Camp has its normal routine.  But that routine of meals, sleep, activities and teaching sessions now includes a multicultural learning aspect.   Today,  when Kim and I met with the counselor and administrative staff,  they said this is a hugely good opportunity for them, as staff and campers to learn, to be stretched, by this presence of this group of strangers from all over the world, who are passionate, who represent conflicts and pain that is immense, and who have come here, to this Camp Valaqua, to get to know the 40 Alberta Campers, to live, eat, play, interact with them.   Gopar from the Nigerian Christian Community, and Sani, from the Muslim Community prepare and present the morning chapel with help from the rest of us in skits, organization, theme planning.  All about our need to work together, to be together.  Yesterday,  Gopar told the story of a man, among many, carrying his cross through life,  then having it cut shorter, to be lighter, apparently because he asked God for permission to do this.   Sadly,  near the end of the journey,  the man was not able to cross an abyss, because he had too little cross left, to lay across it, while those who had carried their fuller burdens, crossed easily.  Rosemary then asked why God would have allowed this man to cut short his burden,  knowing all the while that this would prevent him reaching his assigned goal. He was "set up",   she wondered, by God himself?    This was discussed by other comments, until Sani,  twice got up and offered his own explanation, based on their work as Muslims together with Christians in Nigeria.  Gopar and Sani have written, in fact, a small book called "My Brother's Keeper"   which talks about Muslims, hiding Christians as mobbing Muslim groups massacre the Christians.  It also talks about Christians, hiding Muslims,  as mobbing Christian groups massacre Muslims, a long conflict which began to erupt in 2001 and keeps repeating itself.

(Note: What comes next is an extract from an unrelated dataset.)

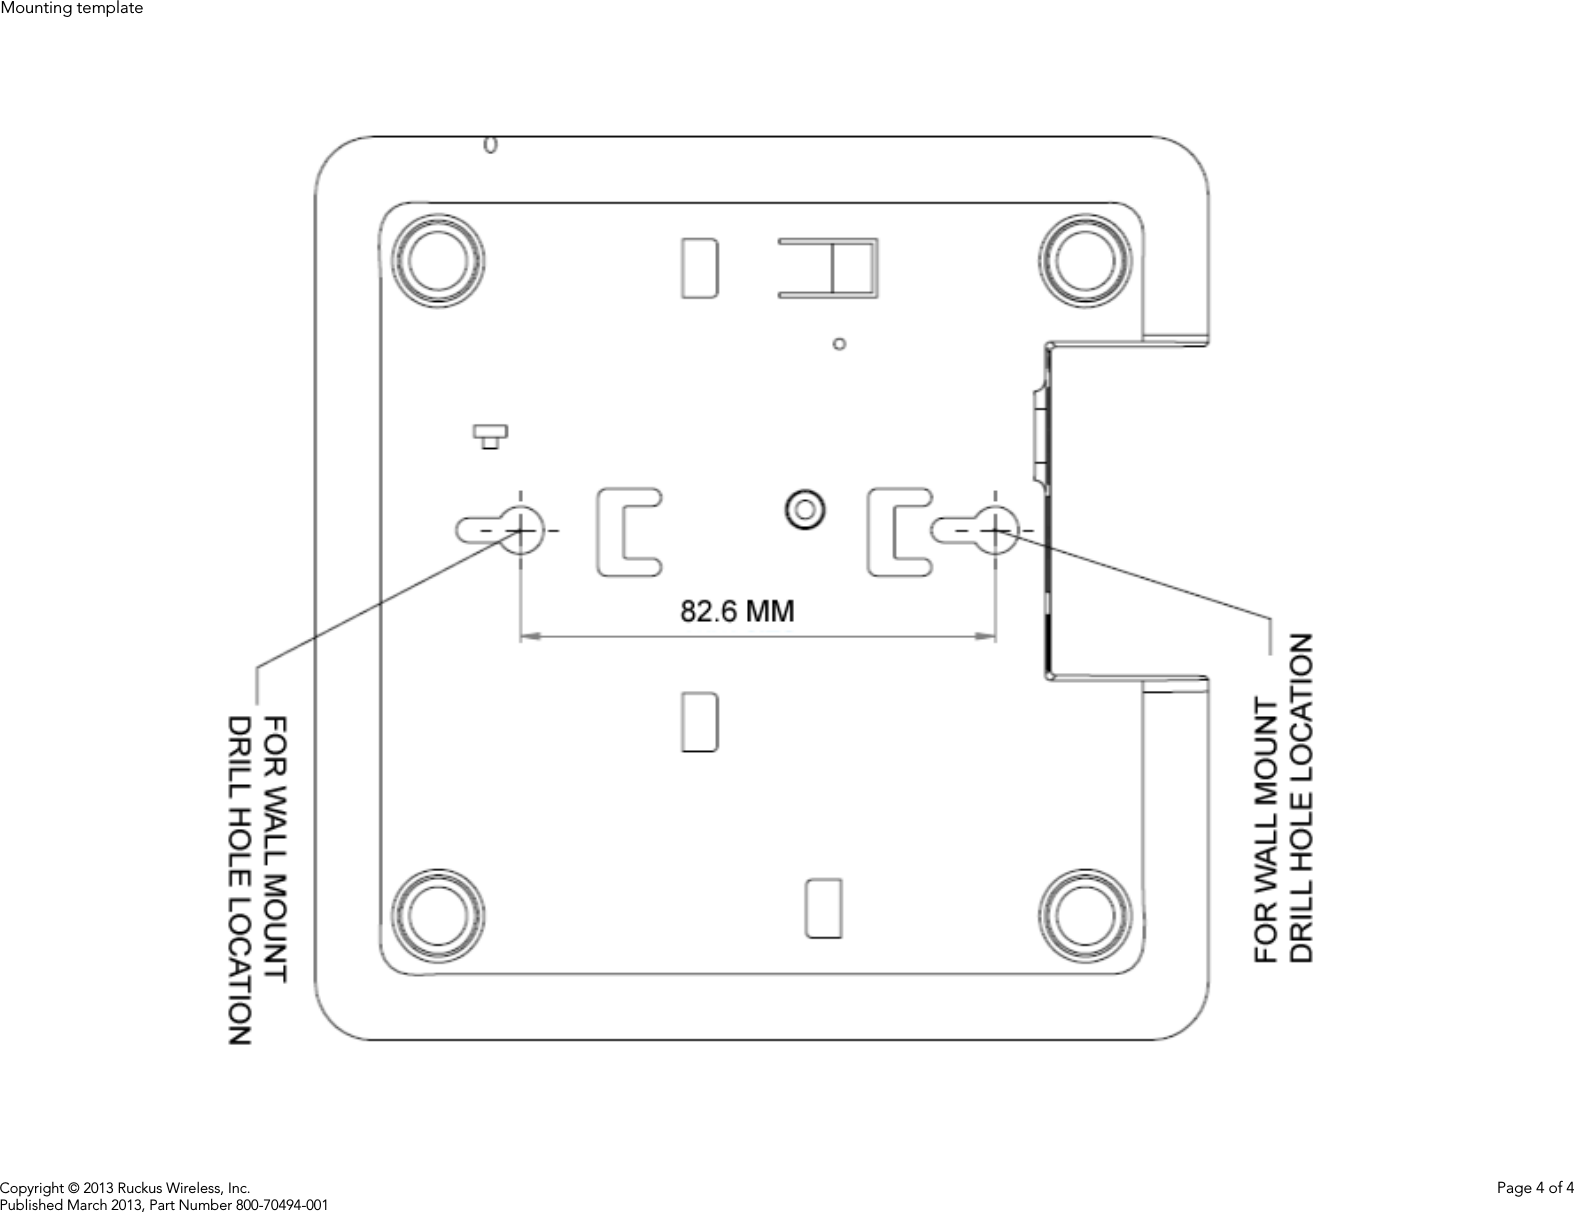 Copyright © 2013 Ruckus Wireless, Inc. Page 4 of 4Published March 2013, Part Number 800-70494-001Mounting template

At the evening campfire, we interviewed two guests from Israel and two from Uganda, with questions placed so that they would be able to tell small portions of their stories, of the work they do, of the lives of their families.   This morning,  at the outside, hillside, in-the- forest Chapel,  Sani talked about the Muslims and Christians in Nigeria, and finished with a song, asking "Camp Valaqua, what do you want" ... and it's "Peace" in the end, that everyone wants.  Peace, at all levels of living.  But as he sang it again, with us, he named a young, troubled teenage,  14,  whom everyone knows already as a serious trouble making boy,  and asked him what he wanted.  And then he walked towards the boy,  and pulled him onto the stage, and had him sing the song together wtih him.  It was a lovely moment of redemption.  The boy is quite violent, having survived serious trauma in Liberia, but later in the day,  a Counsellor told us that that young teenage seemed to be having an improved and more positive and more participatory approach to things than he had had for some time at camp.    While the risk is somewhat real here, of having a Muslim person talking to a large group of Alberta Christian (or not) young people, in the sense that their parents might have some concerns,  this, among the campers, is being very, very well received.  And among the leaders here too.  They are seeing a person as a person, and hearing about how Christians and Muslims can actually solve problems....  working together.  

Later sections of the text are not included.